Sivanandan, unlike the earlier names mentioned, had the distinction of being known for his fight against racism outside of Ceylon. He was, for over forty years, the Director of the London-based Institute of Race Relations (IRR), and the founding editor of its journal Race & Class. He was famous for his political essays on racism, immigration, capitalism and imperialism, and his writings were a particular beacon of hope for communities during the dark Thatcher years of the 1980s, though his work still stands the test of time today – especially in the era of Brexit and Trump. Simply put, Sivanandan was a giant of the anti-racist struggle in Britain whose influence upon activists and academics – whether they are aware of it or not – is monumental.
History from below
He was particularly aware of the evolution of racism – especially with changes in the economy – and over the years documented and explained the rationale for the racism that was weaponised by the state and popular press against black peoples (in the political sense; i.e. those deemed outside of ‘whiteness’). There was, according to Sivanandan, “The racism that discriminates, and the racism that kills.” He mostly concerned himself with the latter, focusing on its primary victims, the working class and those on the streets, rather than the middle-class woes of ethnic minorities.
Sivanandan also articulated previously unknown stories of how these peoples had resisted, even when their white comrades didn’t always side with them. For example, his 1981 essay From Resistance to Rebellion: Asian and Afro-Caribbean Struggles in Britain is one of the best examples of this alternative, history-from-below. It is an electrifying piece of writing – its opening lines encapsulating Sivanandan’s gift for joining the dots from the colonies to the mother country. The introduction begins with Udham Singh’s hanging in London after his famous revenge shooting of Michael O’Dwyer – responsible for the Amritsar Massacre – yet ends with the former’s lesser-known involvement in setting up the Indian Workers’ Association during his stay in England.

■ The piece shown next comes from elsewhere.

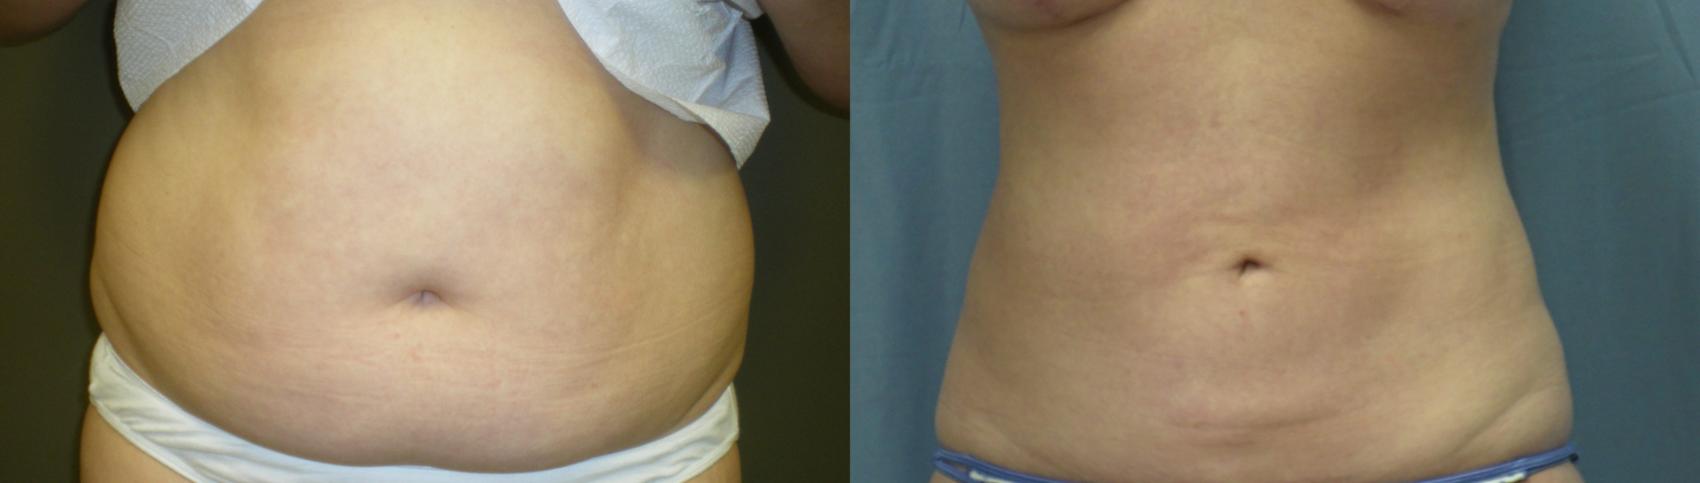 Asymmetrical Breasts - Atlanta Liposuction Specialty Clinic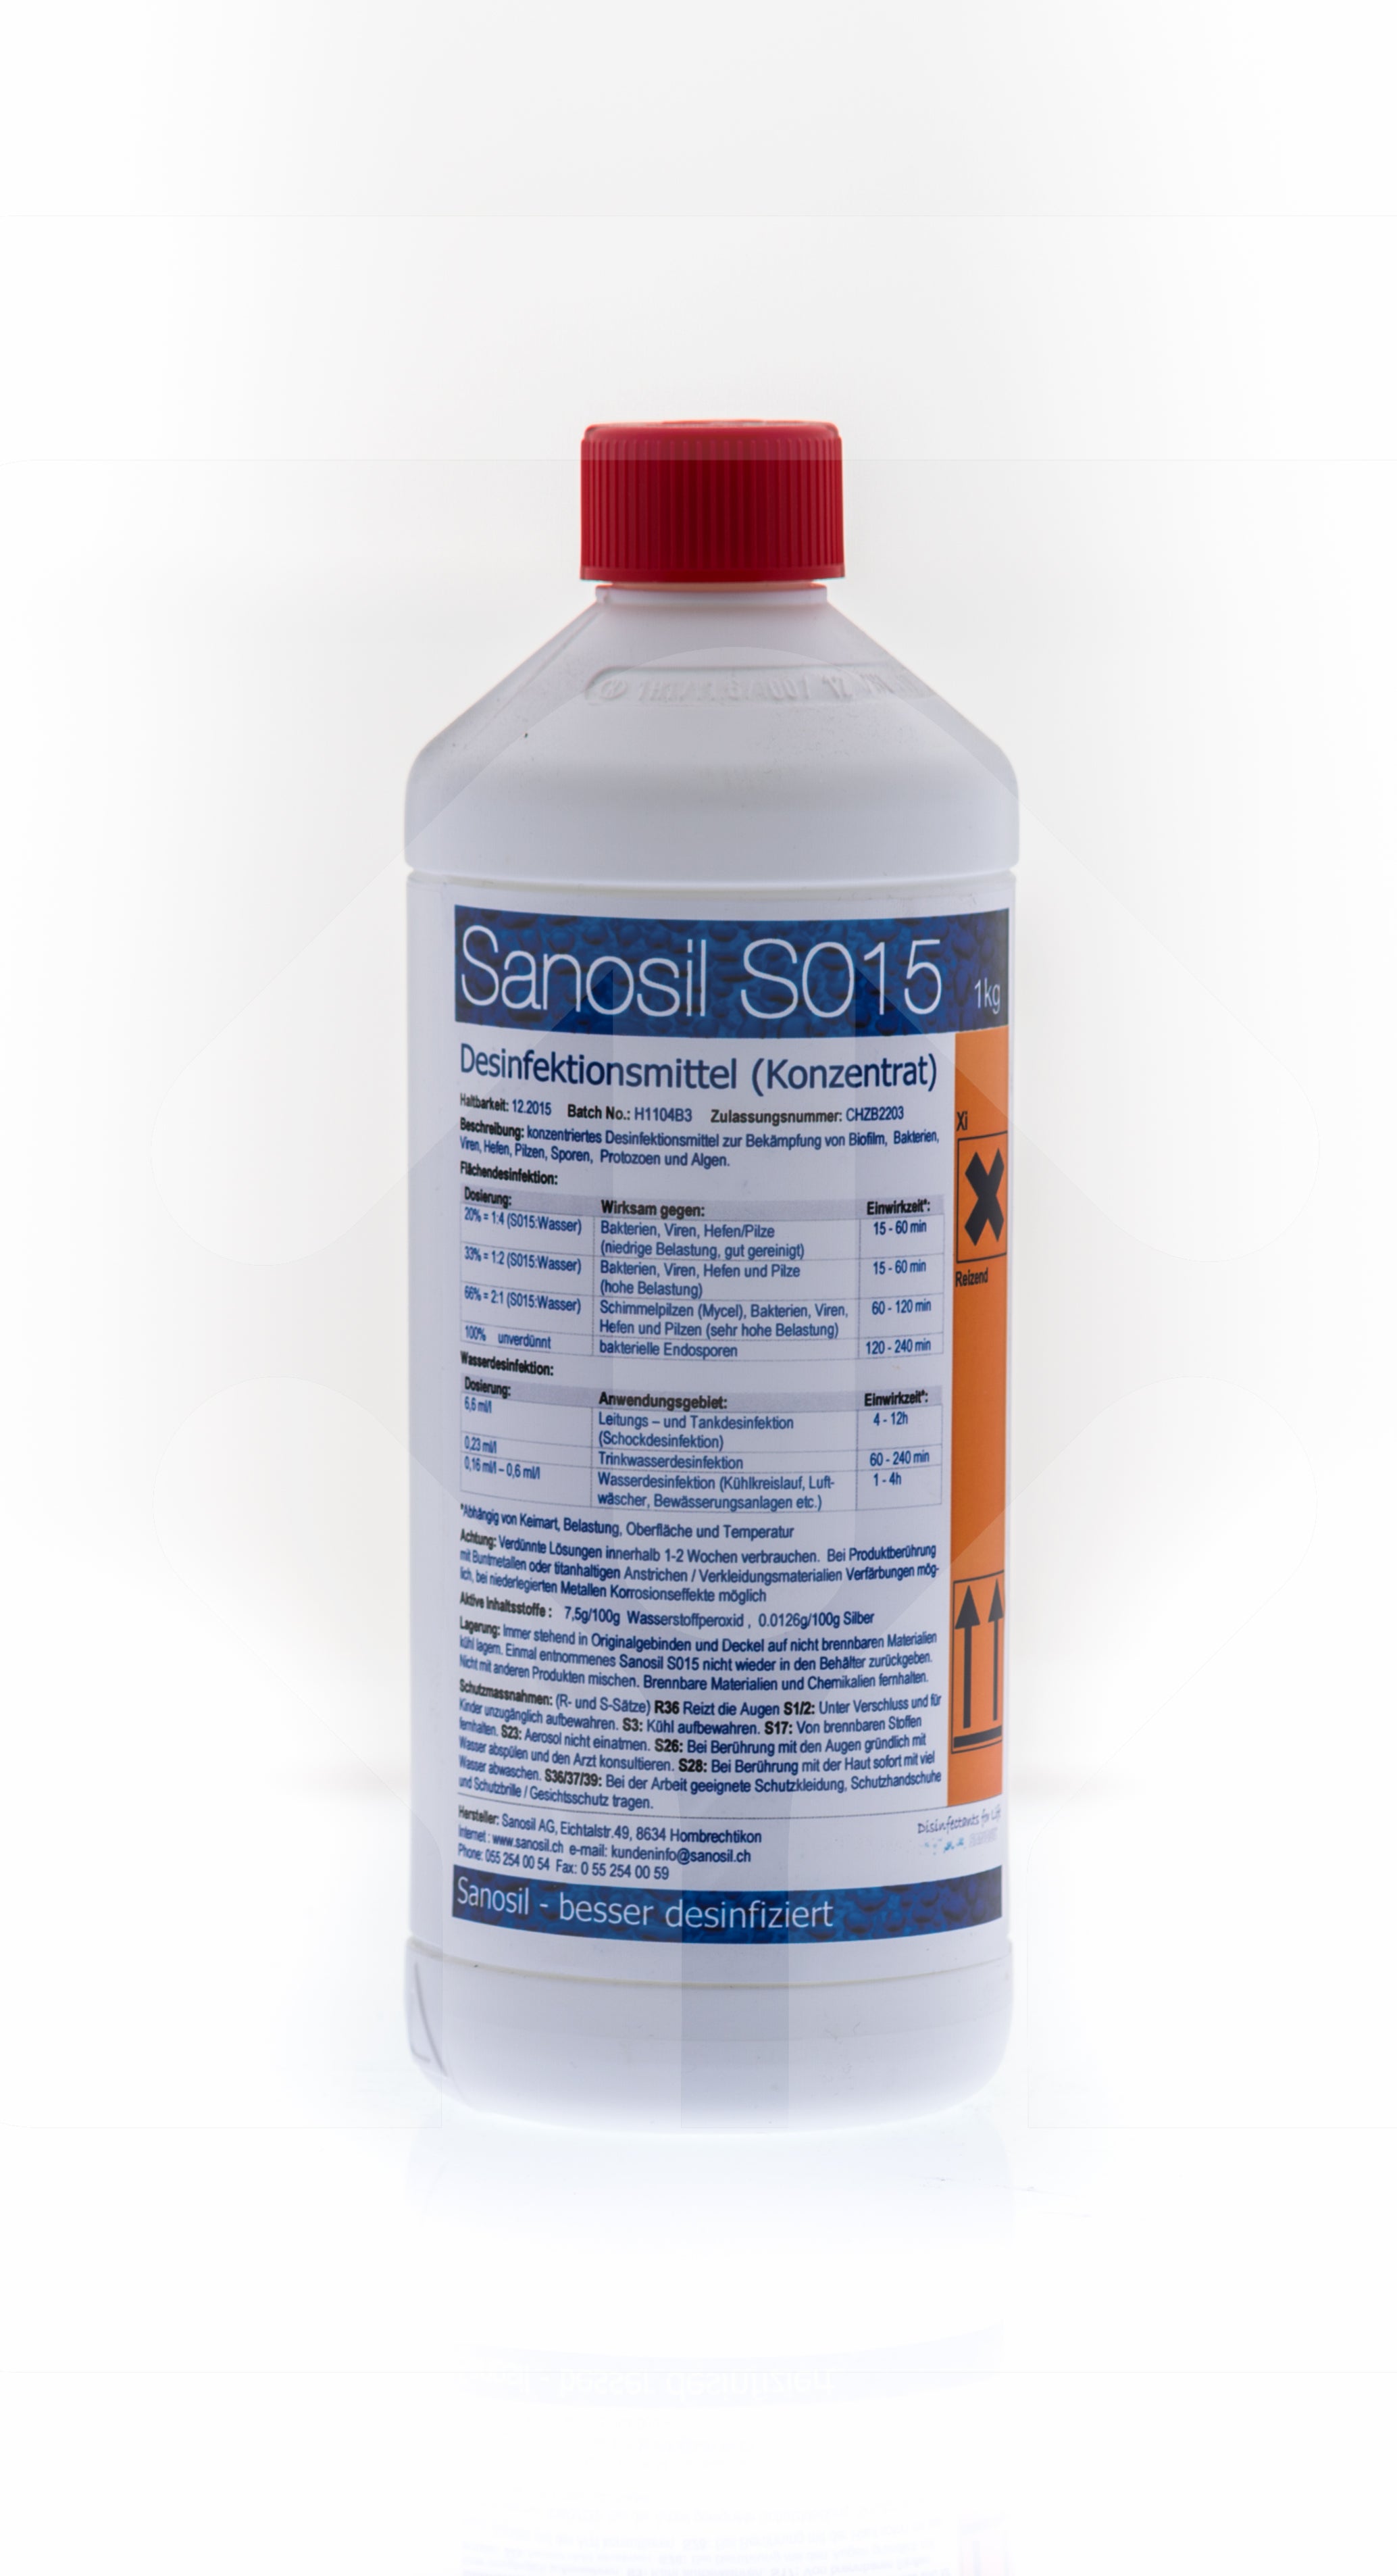 Sanosil S015 Desinfektionsmittel 1L 0

The essay made a massive impact upon its first publication and, decades on, there are still numerous stories told by activists recounting how they would make multiple copies of the essay and distribute copies of it everywhere.
When asked of Sivanandan’s political effect amongst communities and activists in Britain, T.U. Senan, International Coordinator of Tamil Solidarity, said, “The strength of his writing derives not from mere intellectual discourse but also the link it had with movements and activities on the ground. This important aspect of Sivanandan should not be overlooked. In the age of dogmatic rhetoric, he always tried to buck the trend and marry his ideas to action.”
‘We are here because you were there’
Unlike the Eurocentric writers and dogmatic Marxists that have dominated the discourse of the left (or what’s left of the left), Sivanandan centred his analysis of capitalism around imperialism and its devastating effects upon the peoples of the periphery of the global economic system. He would always demonstrate cause and effect: describing the forced migration of people in the Third World – often through war and genocide – on a mass scale into the metropolitan countries of the West, where upon arrival they would often meet new racisms and oppressions.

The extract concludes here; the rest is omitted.